When you think of it, even when they are in Washington allegedly “working” the idiots do not accomplish anything.  What a total waste of taxpayer’s money!

* Kelly also weighed in on the Presidential debate, giving some perspective to the fact that “Romney Promises To Cut Taxpayer Funding For PBS (But Says He Still Loves Big Bird)”.

So will it kill Big Bird? He might need smaller digs but chances are, cuts to PBS won’t kill off Sesame Street and other major programming. What will happen, realistically, is that public television stations would have to find alternate sources of funding. Larger markets, like the one I live in now, would likely survive. But chances are that those smaller markets, like the one I used to live in, would have to shut off the lights.”

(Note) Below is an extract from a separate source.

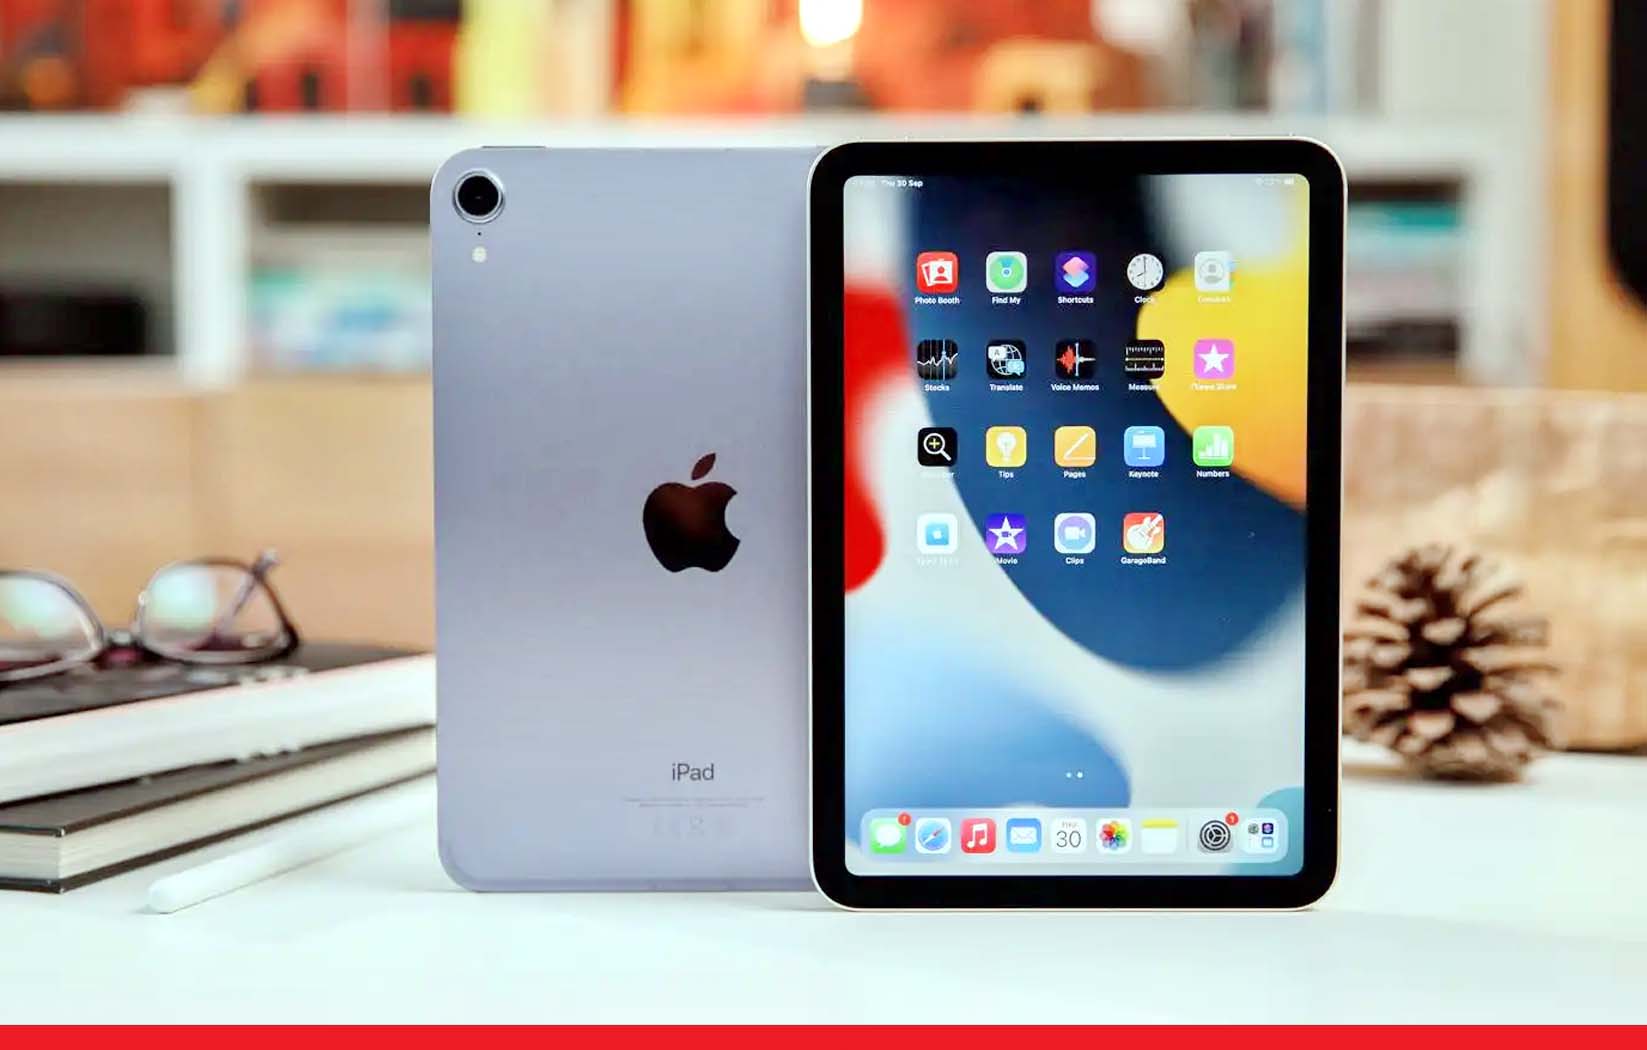 iPad Mini: A compact powerhouse for Israeli users

When will politicians realize that you do not have to cut funding to worthwhile and effective programs to reduce the budget?   You just have to cut out pork, waste, and entitlements!

* Trish McIntire echoes somewhat what I have been saying for years in “Location, Location, Location” at OUR TAXING TIMES.

As I say in my comment on her post, the deductions for state income taxes, real estate taxes, and mortgage interest, on the primary residence, are a kind of “geographical equalizer”.  

* CCH has produced a Tax Briefing on “2012 Year End Tax Planning”.  Click here to download.  

* Joe Kristan includes a Tax Foundation chart on “The Growth of Refundable Tax Credits, 1990-2010” in his Friday BUZZ-like “Tax Roundup” at the ROTH AND COMPANY TAX UPDATE BLOG.

I wholeheartedly agree with Joe’s comment on the chart -

I bet the chart of tax refund fraud incidence would look about the same.”

* Speaking of the TAX FOUNDATION, author of the chart referenced by Joe, check out its “Weekly Tax Update”.


Let’s face it.  At this point in the campaign Romney is not going to identify the specific tax deductions/expenditures that he would do away with to pay for tax rate decreases because he does not want to alienate any segment of voters.  No candidate would.